Modern Day Military-Industrial Complex
Dwight D. Eisenhower used the above title in his Farewell Address to the Nation on January 17, 1961:
This conjunction of an immense military establishment and a large arms industry is new in the American experience. The total influence -- economic, political, even spiritual -- is felt in every city, every State house, every office of the Federal government. We recognize the imperative need for this development. Yet we must not fail to comprehend its grave implications. Our toil, resources and livelihood are all involved; so is the very structure of our society.
In the councils of government, we must guard against the acquisition of unwarranted influence, whether sought or unsought, by the military-industrial complex. The potential for the disastrous rise of misplaced power exists and will persist.
The farewell address from President Eisenhower was the ultimate warning about the immense power defense companies would come to wield. Many think his prescient prediction means America will always be embroiled in foreign wars with massive demands on taxpayer funds. Although it’s considered discretionary spending, the fact is military spending is 16% of the Federal budget. In all probability, spending can’t be cut any further, even as it becomes more expensive to wage war and peace around the world.
So, could this actually be the Achilles heel that neutralizes our abilities?
According to an article in Foreign Policy magazine, Is the U.S. Navy a Sitting Duck?
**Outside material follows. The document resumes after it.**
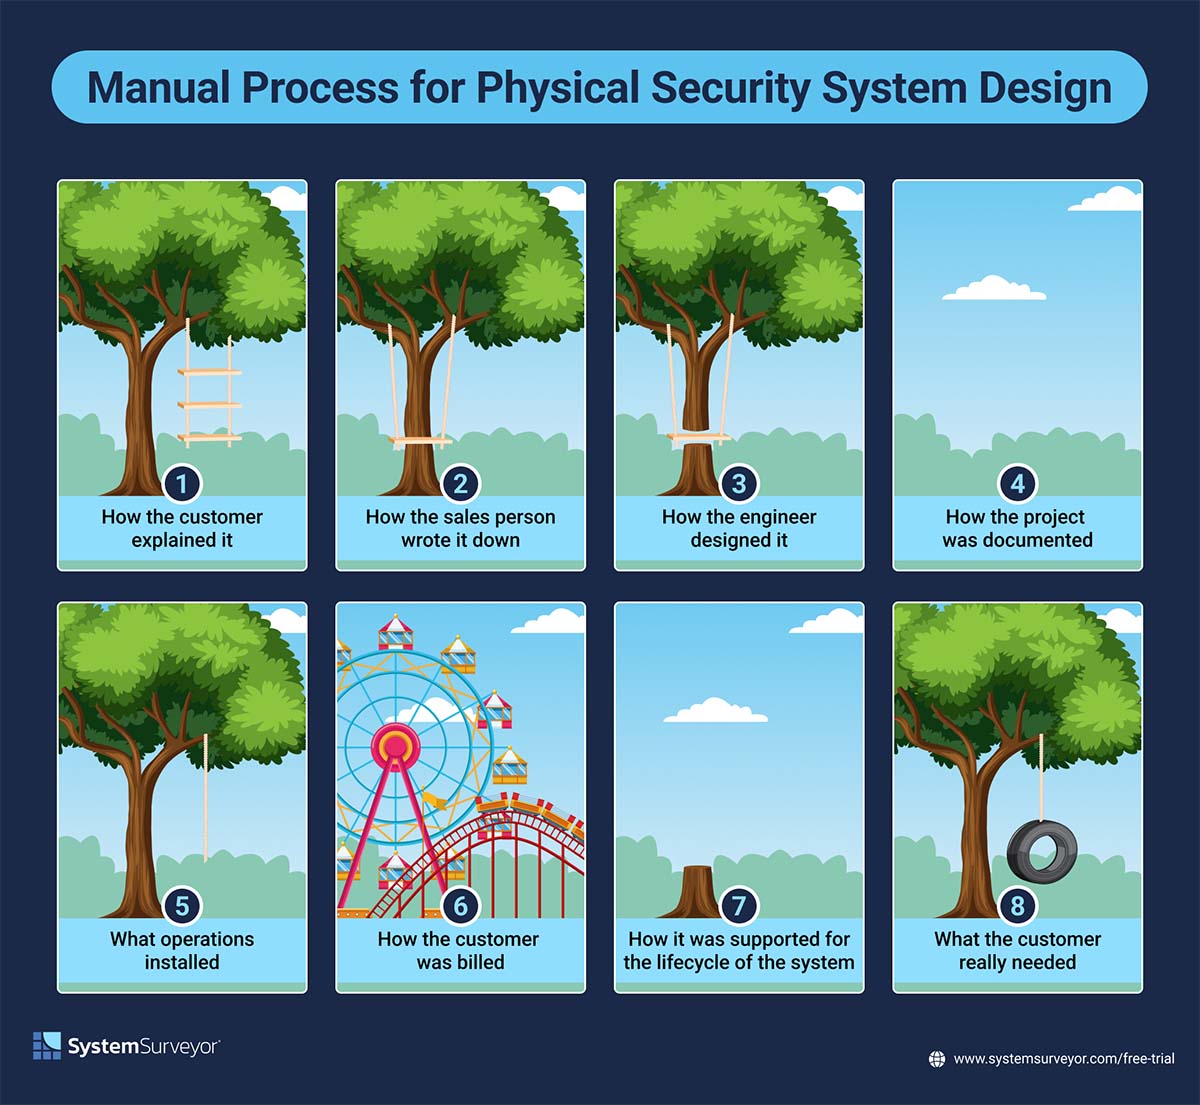 Manual Process for Physical Security System Design

It talks about the recent attack in Yemen when Houthis rebels launched two Chinese-made missiles at the USS Mason that were greeted by an assortment of the following defense missiles:
The Houthis missiles landed harmlessly into the sea. The entire episode cost America $8,000,000 and the rebels only $1,000,000.
The USSR lost the Cold War after breaking the bank and finally gave up on its grand ambitions. And now, experts worry if the world’s bad actors could do the same to America.
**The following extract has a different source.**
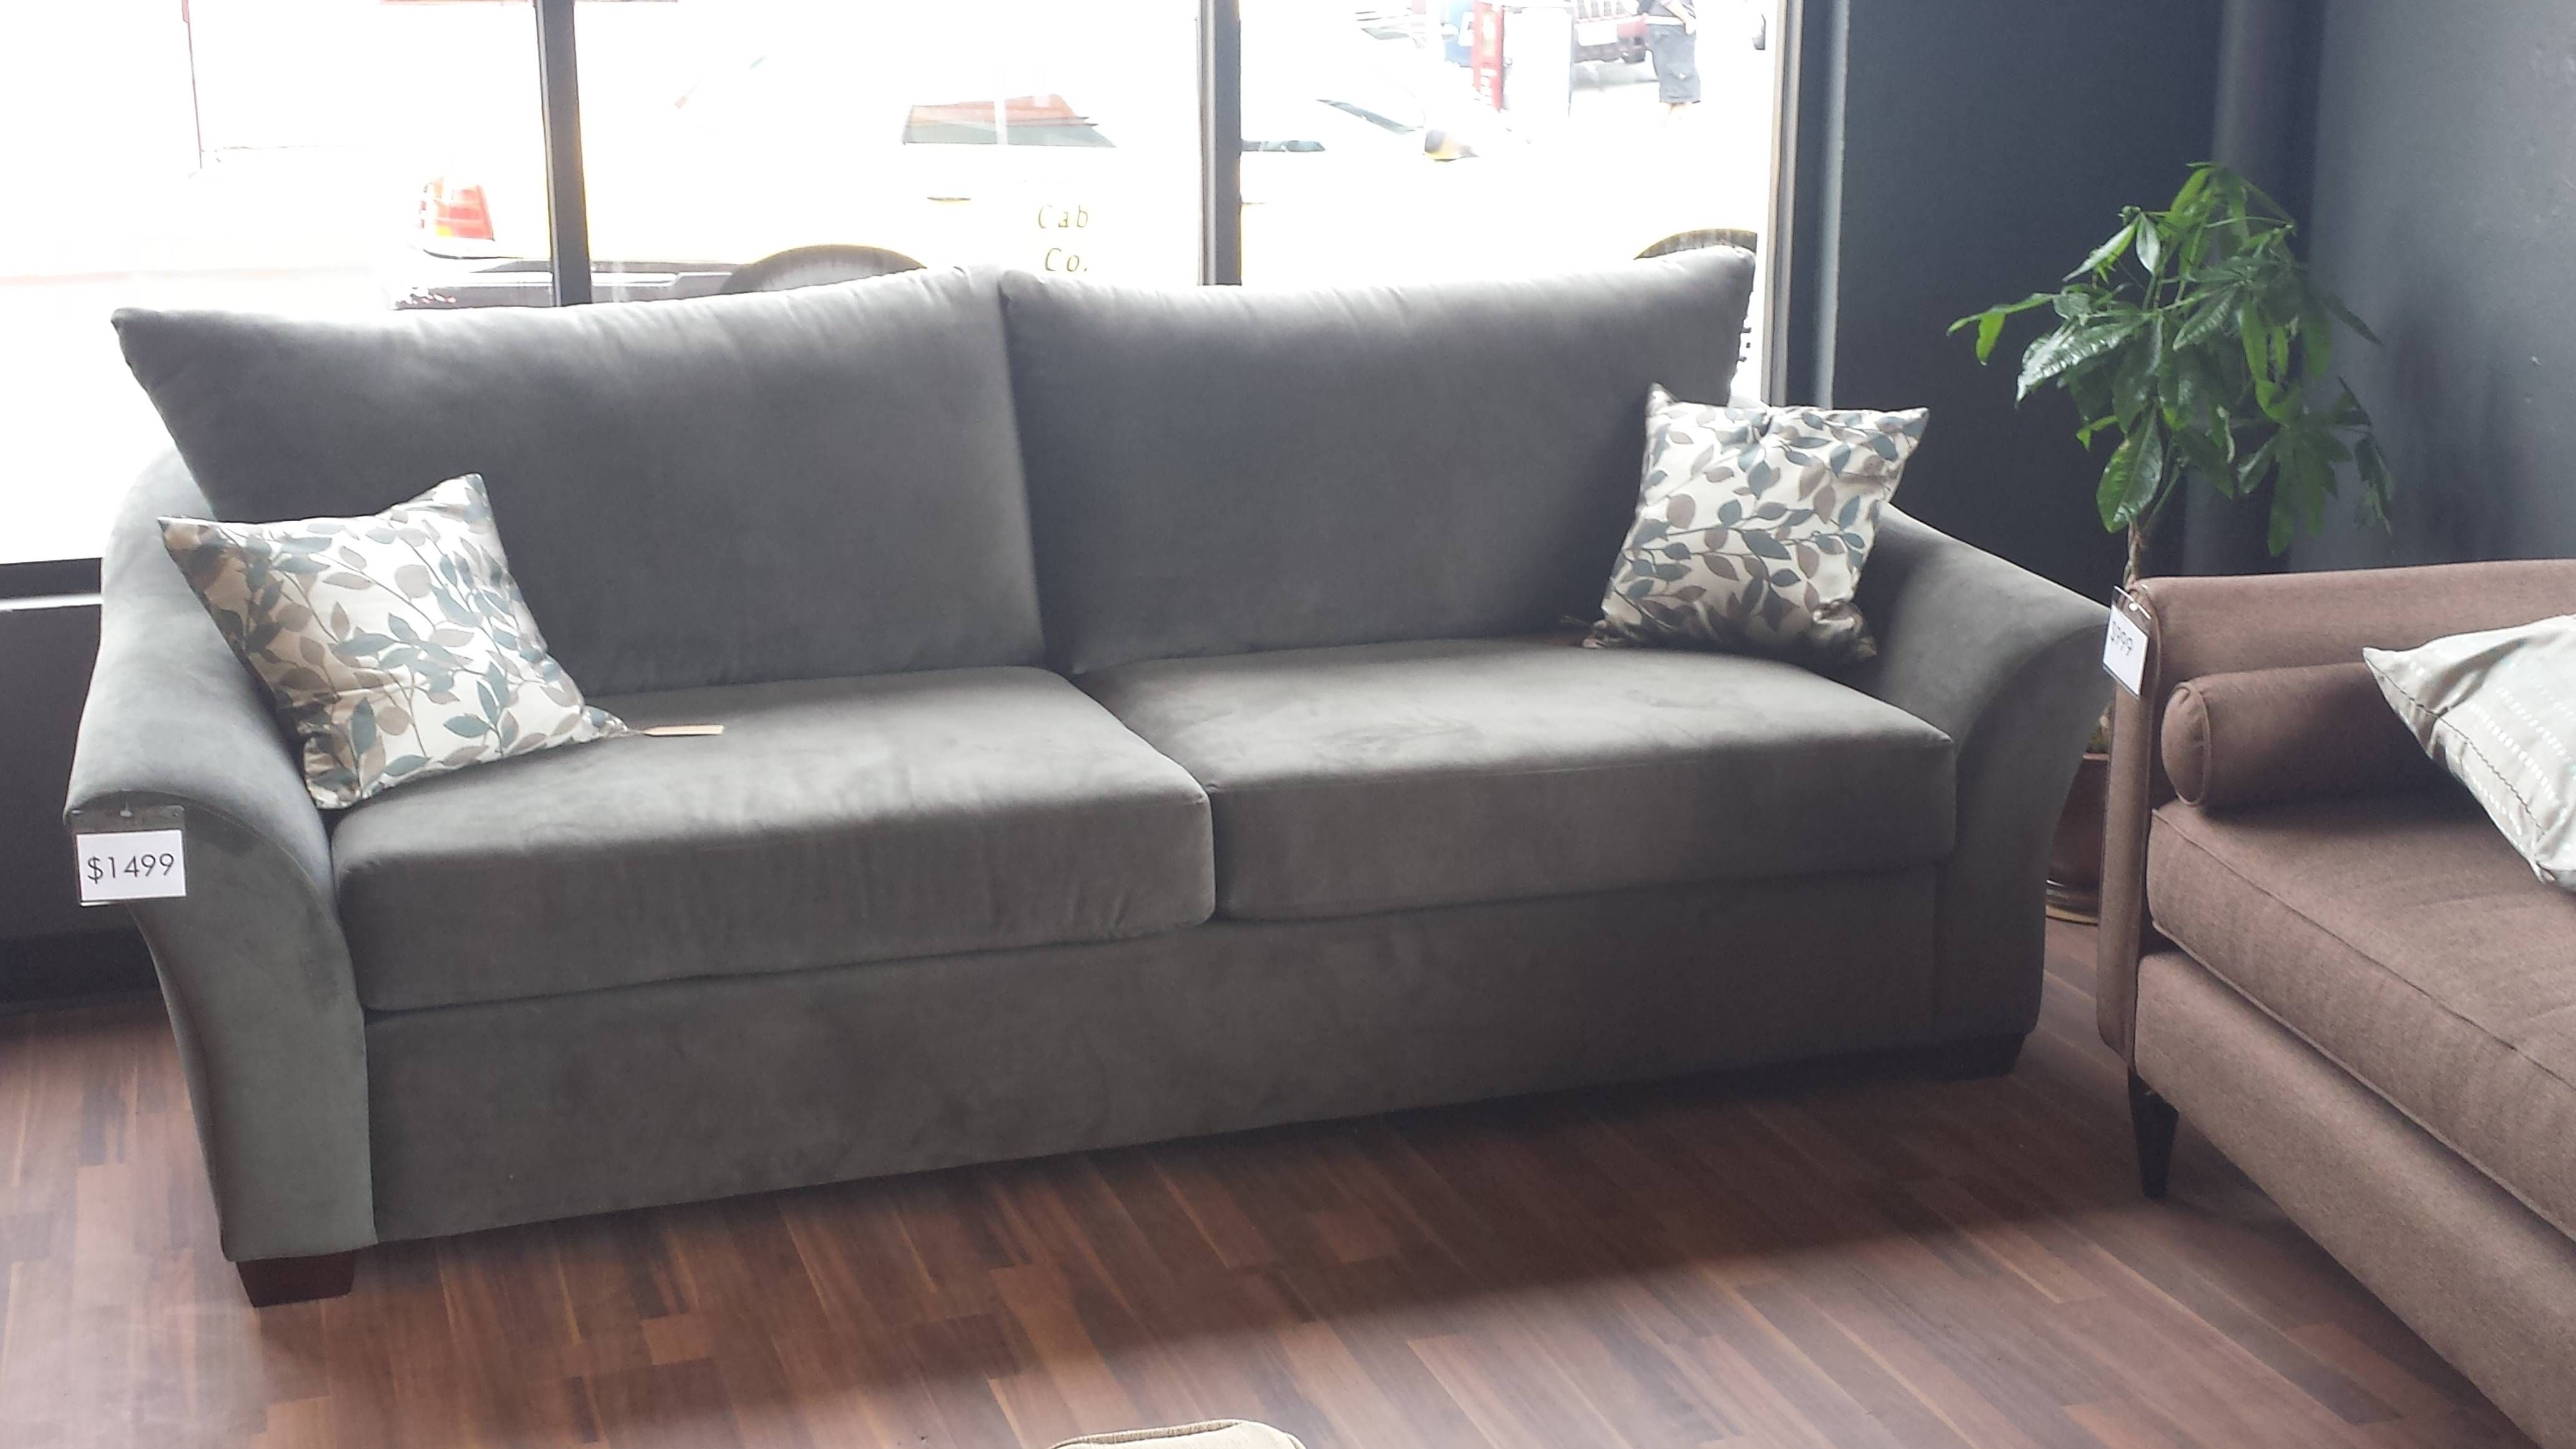 Decorating: Deep Seat Couches With Amazing Deep Sectional Sofa Inside Extra Wide Sectional Sofas (View 13 of 30)

One thing that frustrates many is the disconnection between the Pentagon and the men and women who actually go to battle. Billions of dollars in unwanted weapons are made as military bases are shut down and the VA system is in complete disarray. One thing is for sure, the money keeps rolling in and the profits keep piling higher.
And the shares of these companies continue to take off like a rocket (pun unintended). Over the past five years, the ITA exchange-traded fund is up 120%.
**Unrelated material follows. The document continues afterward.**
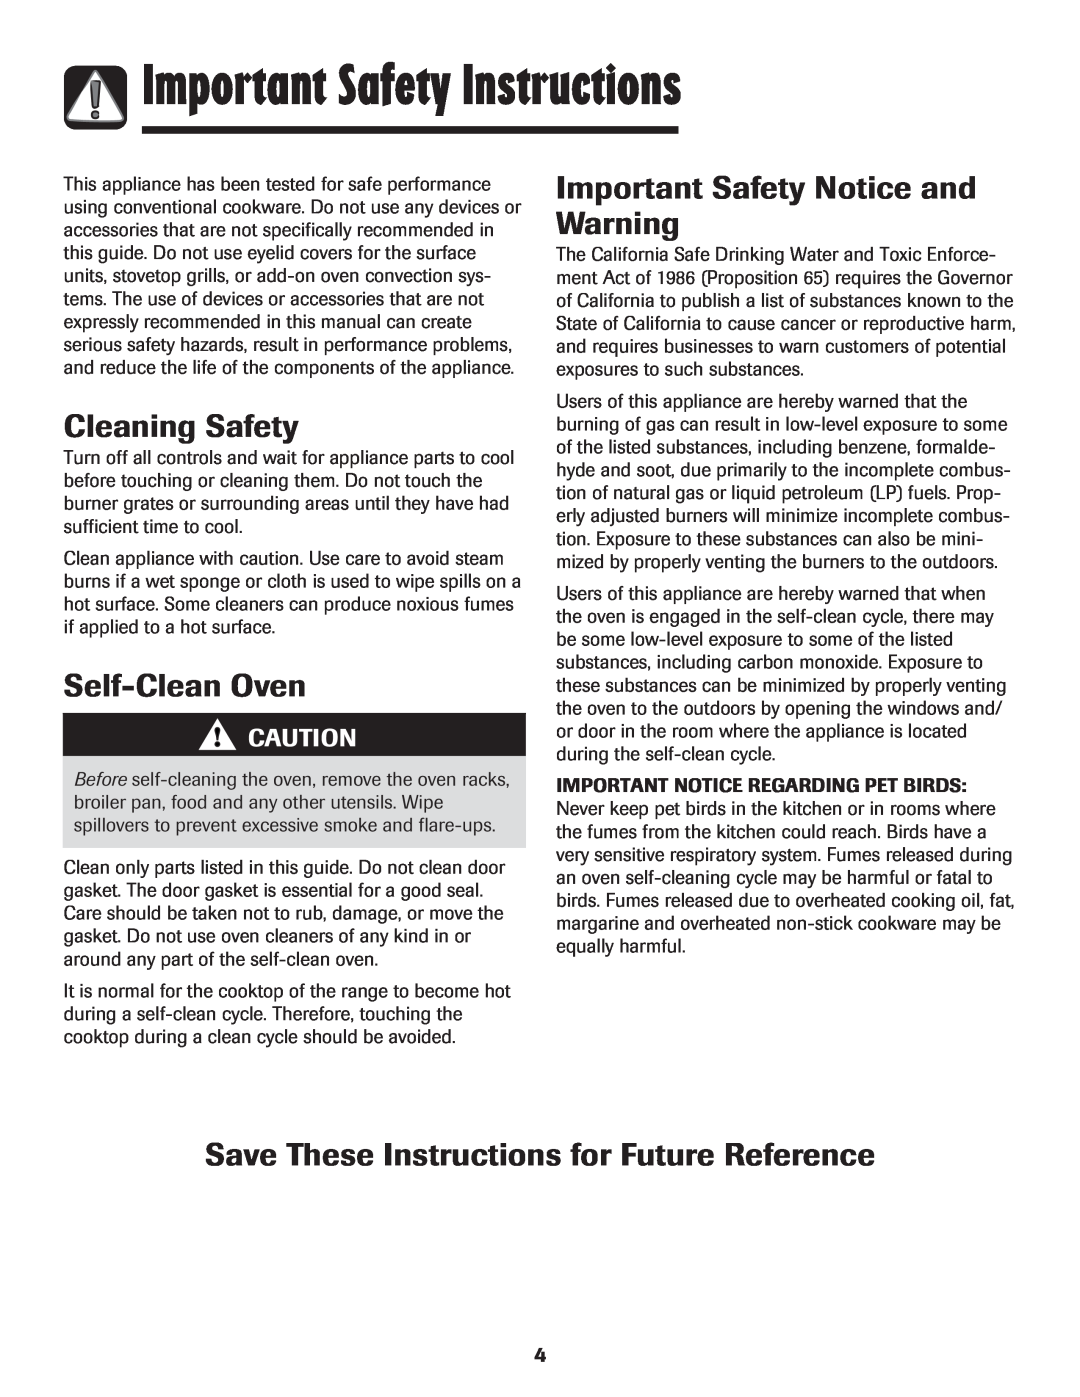 Amana AGR5835QDW Cleaning Safety, Self-Clean Oven, Important Safety Notice and Warning, Important Safety Instructions

Public Wants More Military
According to Gallup, only 13% of Americans don’t think our military is strong enough versus 45% that believe it’s not strong enough. Moreover, 67% believe America should have the number one military in the world.
With this in mind, it shouldn’t be surprising that 37% of Americans think Washington is spending too little on defense while 32% feel that Washington is spending too much.
For the moment, it looks as though Eisenhower’s warning about the power of the military-industrial complex is spot-on, but it’s poised to only become more powerful.